Paste your text: https://tiktokenizer.vercel.app/
I had added the full document and instructions and its coming 5346 Tokens (Even my input token is greater than this. ). But This is full text of the attached files. Is it suppose to use chunks of matched context from the vector search? Or each time will it input the full content?
based on the results, i had modified the title and thread values in my first post.
Here is the screenshot.
The documentation answers that the Assistants agent framework pays no mind to your budget…
Retrieval currently optimizes for quality by adding all relevant content to the context of model calls.

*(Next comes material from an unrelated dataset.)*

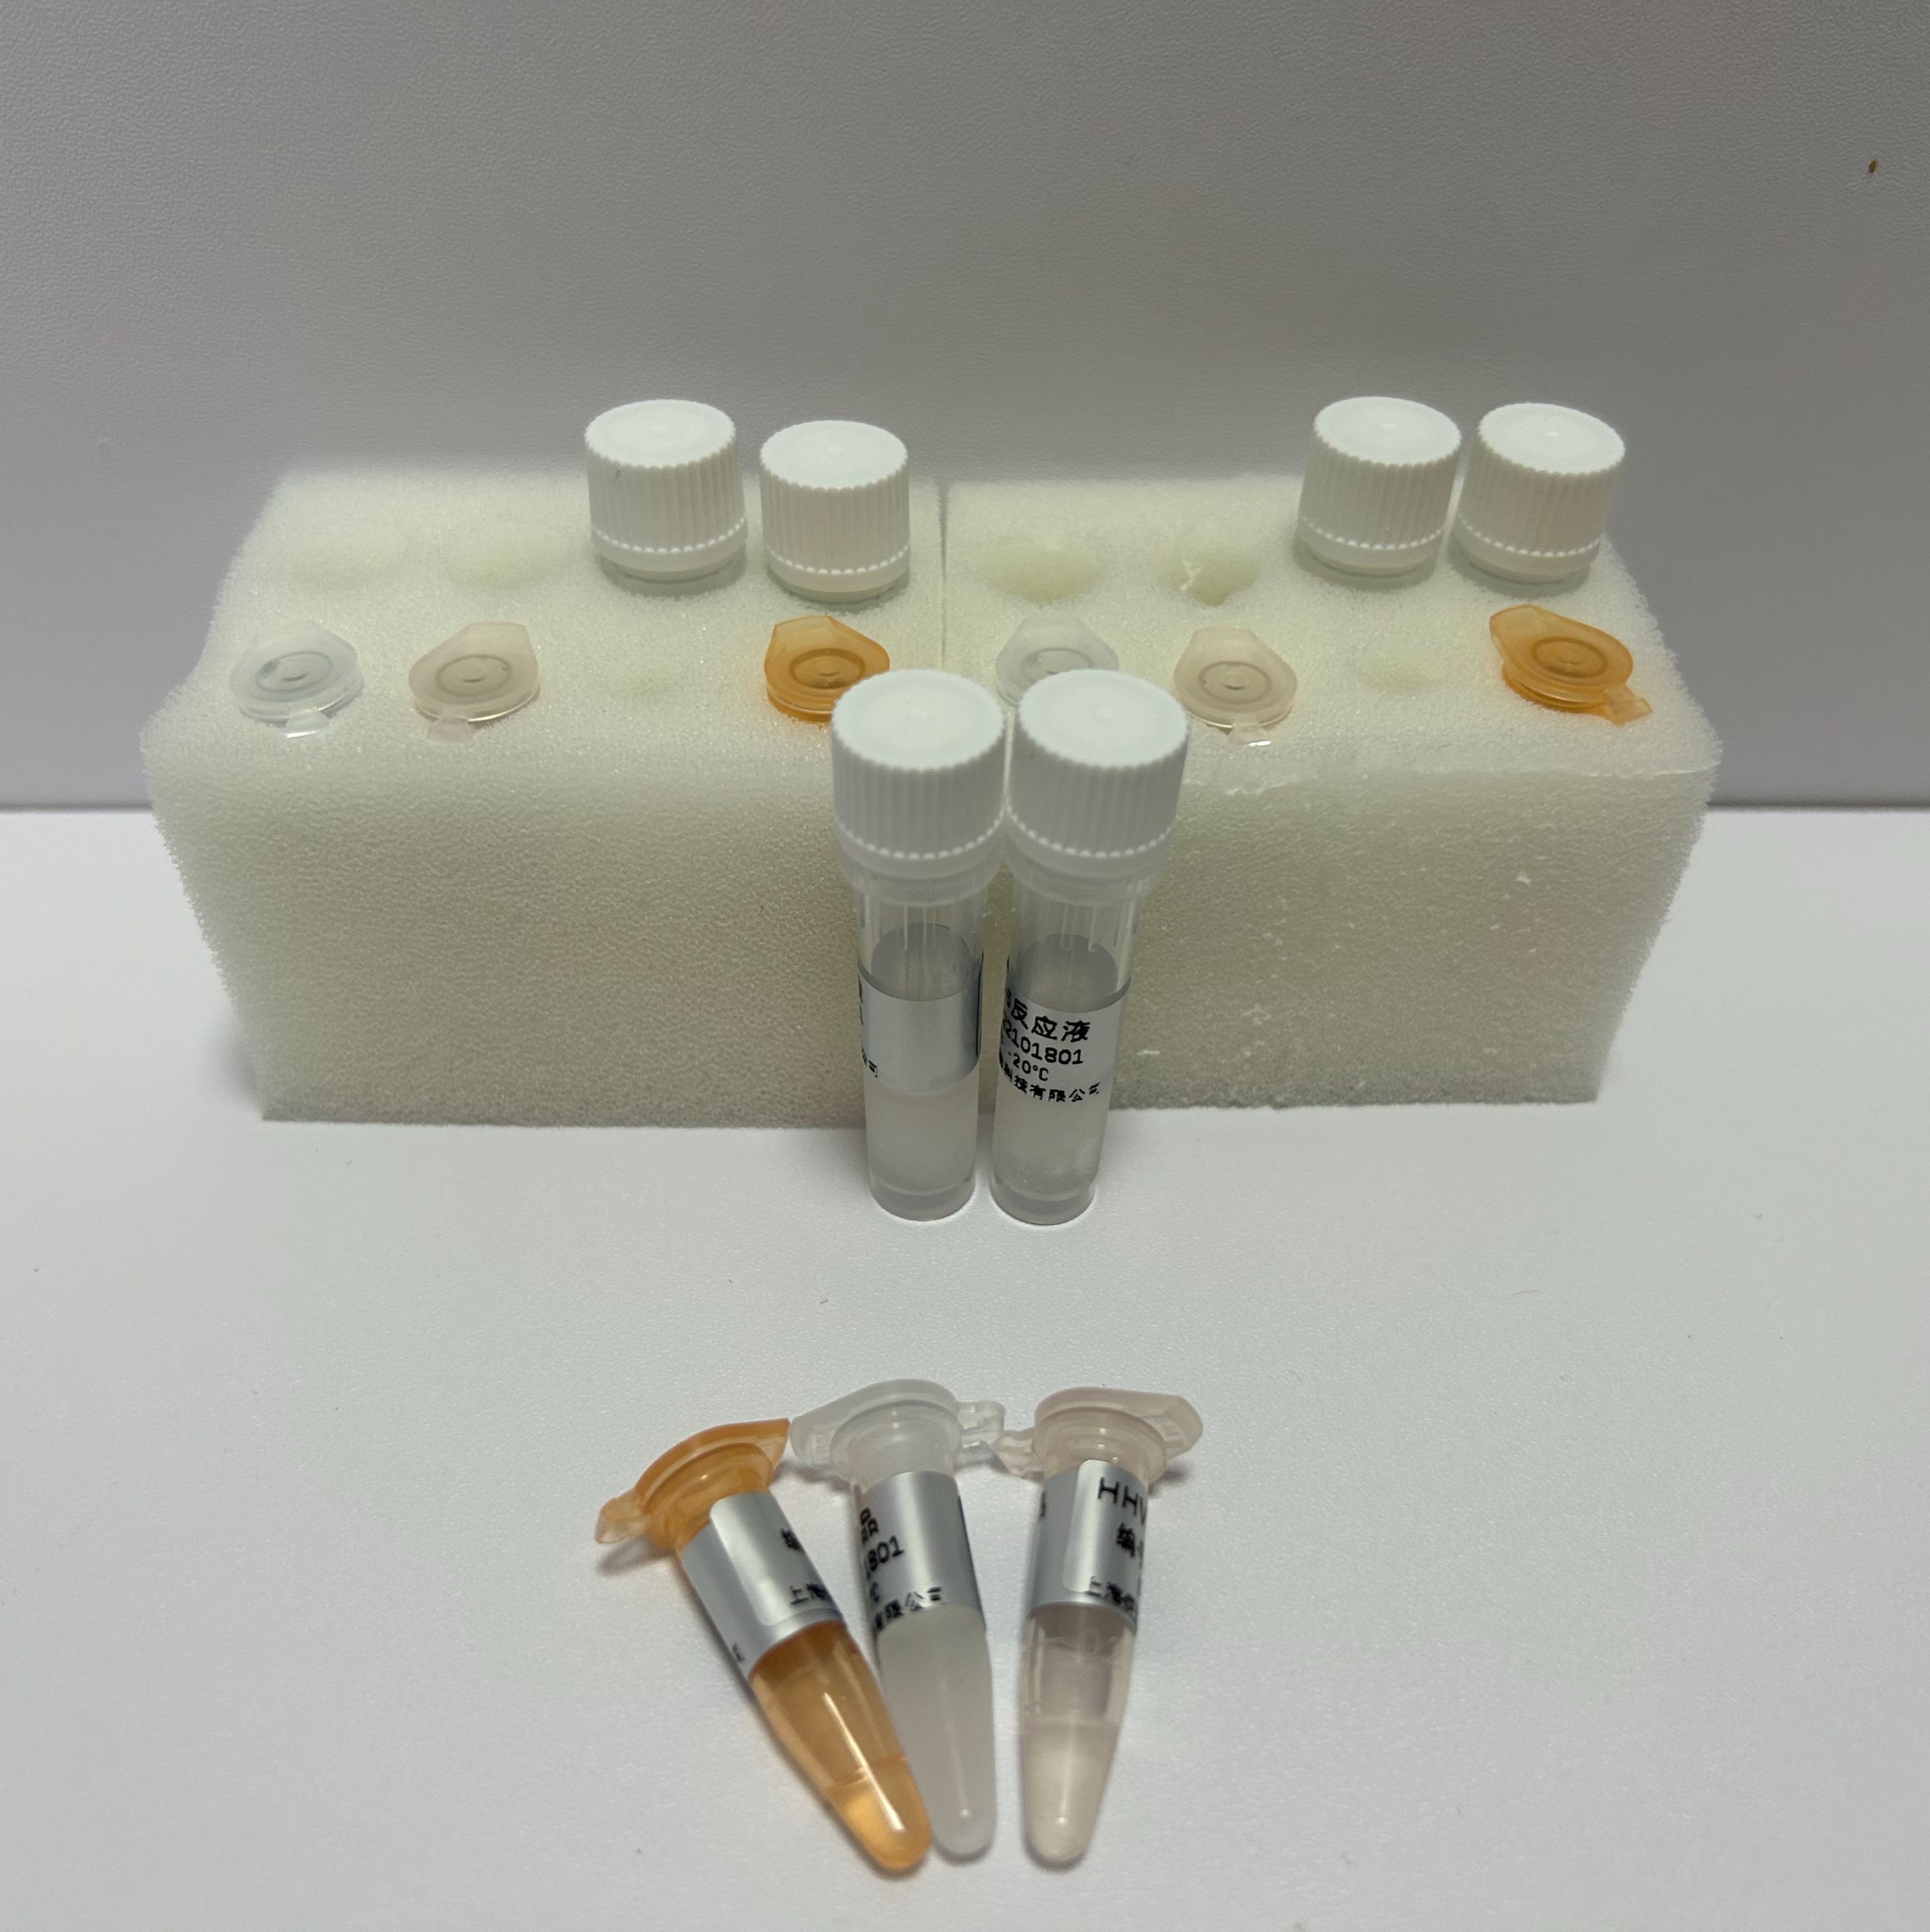 禽腺病毒（I群）探针法荧光定量PCR试剂盒
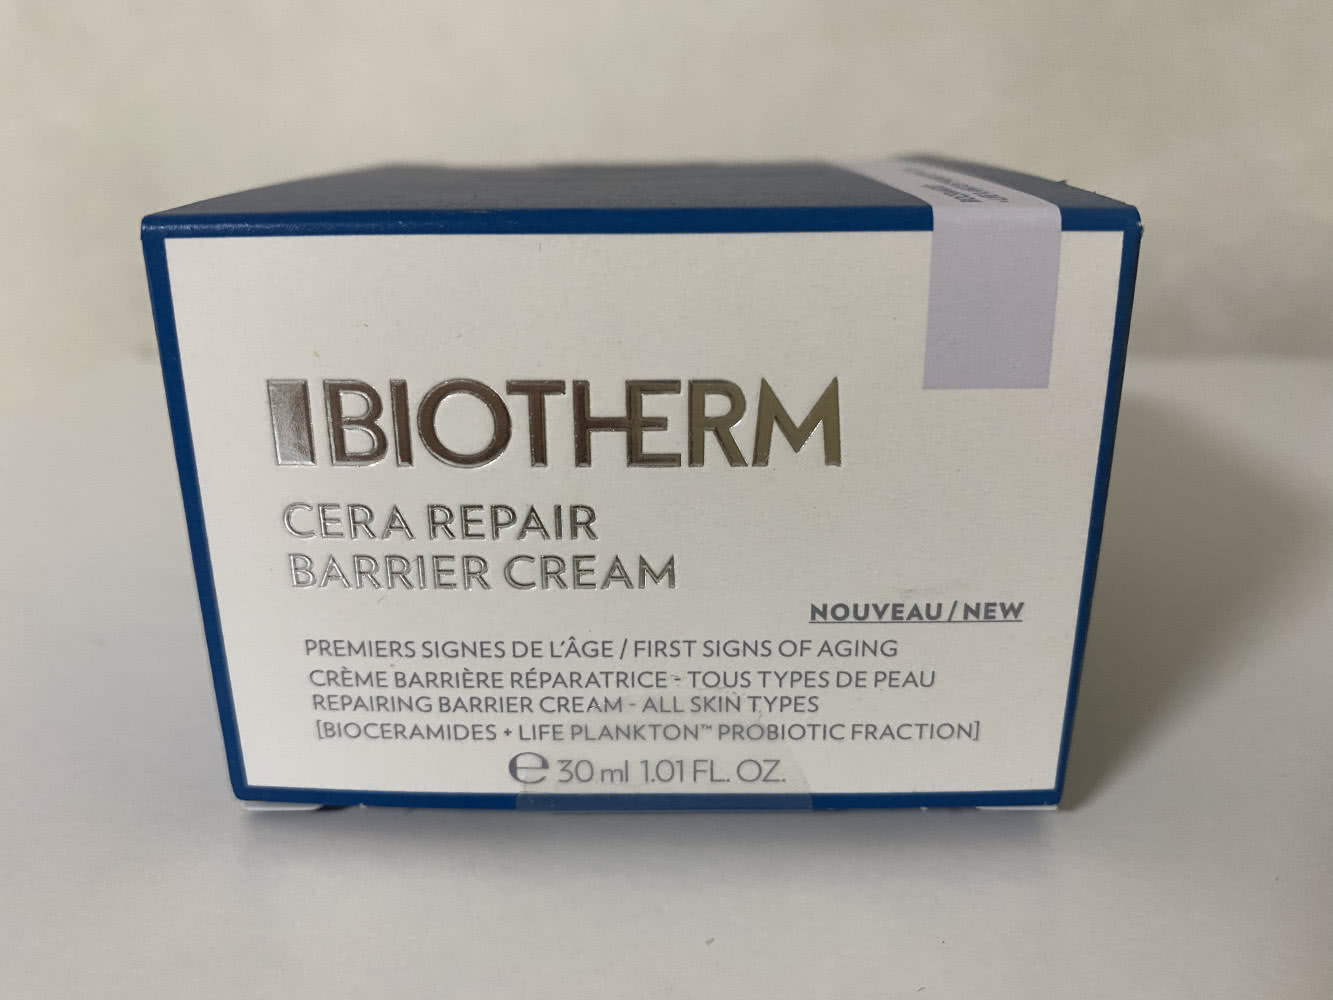 Biotherm cera repair barrier cream

We plan to introduce other retrieval strategies to enable developers to choose a different tradeoff between retrieval quality and model usage cost.
“All relevant content” = all that will fit in the model’s context length.
The assistant and its internal functions for retrieval and other tools has its own language that also consumes tokens.
But the thing is that, even using this much input context, quality of output is not that great. I had tested the same document against other startup products. They provides accurate answers. eg: I have a table with distance mentioned for 2 location. Table contains 10 rows with From and TO and distance for that. Assistant gave me wrong answer, but 2 other Raag As a service provided exactly same answer as in table. I thing we need to wait to get this matured. worried to put into production.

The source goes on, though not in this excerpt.